Unusually, the mountain is commonly known as "Špik" rather than "Spitze" in Austria; this is because the toponym is not a Slavicized version of an original German name, but rather an archaic dialectical Slovene borrowing of the German common noun that was then independently applied to the mountain.

==Mountaineering==
The two normal routes both start in the Krnica valley, and merge under the summit. The first transits the summit of Lipnica, while the other runs along the Kačji Graben ridge. The former has a few easy sections with fixed cables, while the latter is just a steep walk up. Both are snow-free in summer months. Ascent time from the valley to the summit is approximately five hours.
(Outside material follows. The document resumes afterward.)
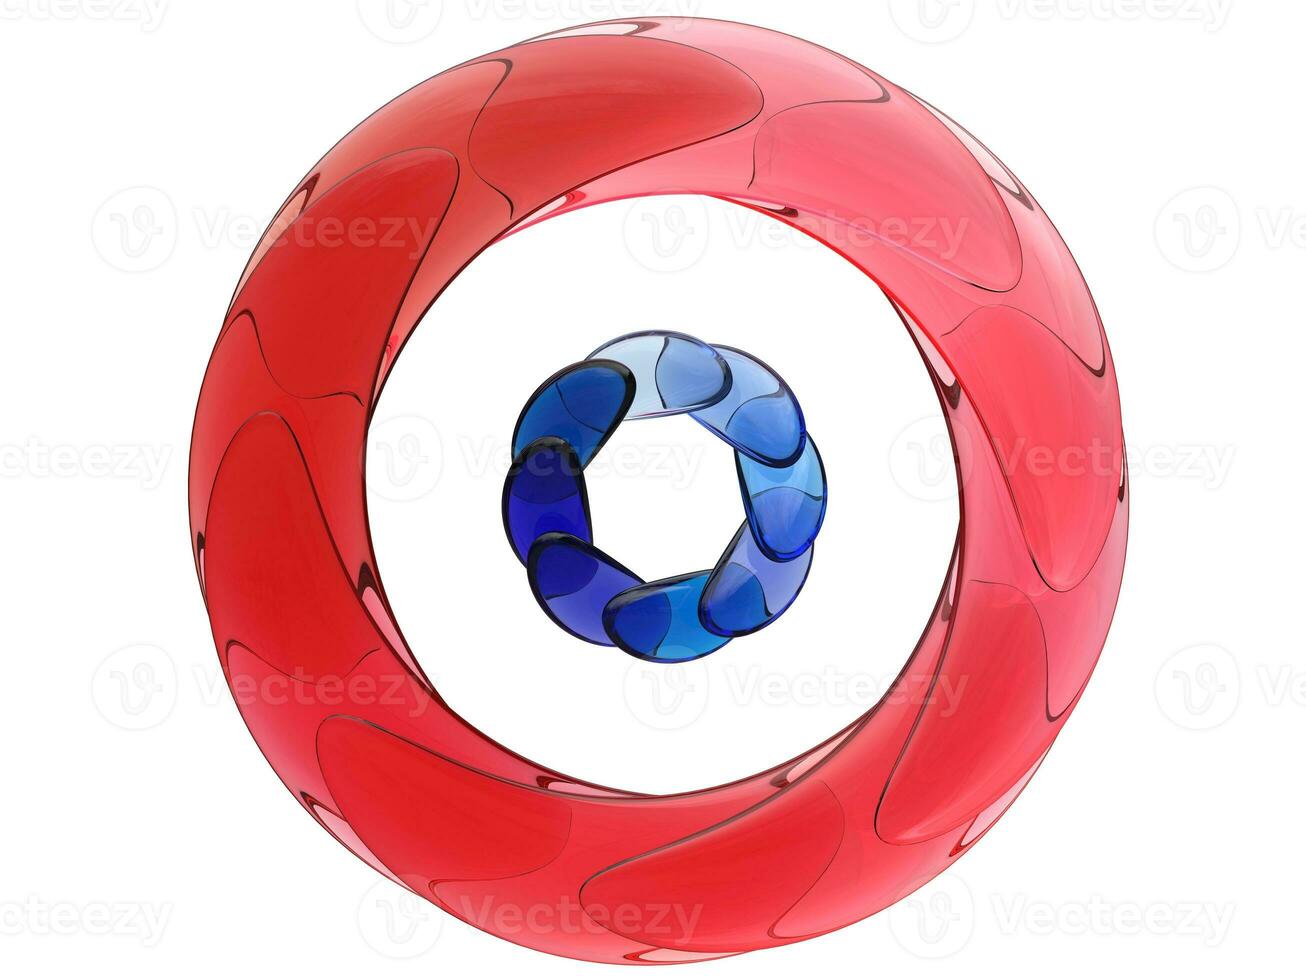 Abstract circular glass design in red and blue photo

There are a number of mountain lodges around the heavily-trafficked Vrsič Pass nearby, but the chalet nearest to the start of the Špik routes is at Krnica (1113 m), 1304 m below the mountain's summit.

The settlement of Gozd–Martuljek lies directly below the imposing northern face of Špik, and is known for its views of its namesake triangular summit.

==History==
In May 1952, a mountaineering accident on the northern face of Špik resulted in the deaths of five young mountaineers from Slovenska Bistrica, aged between 21 and 25.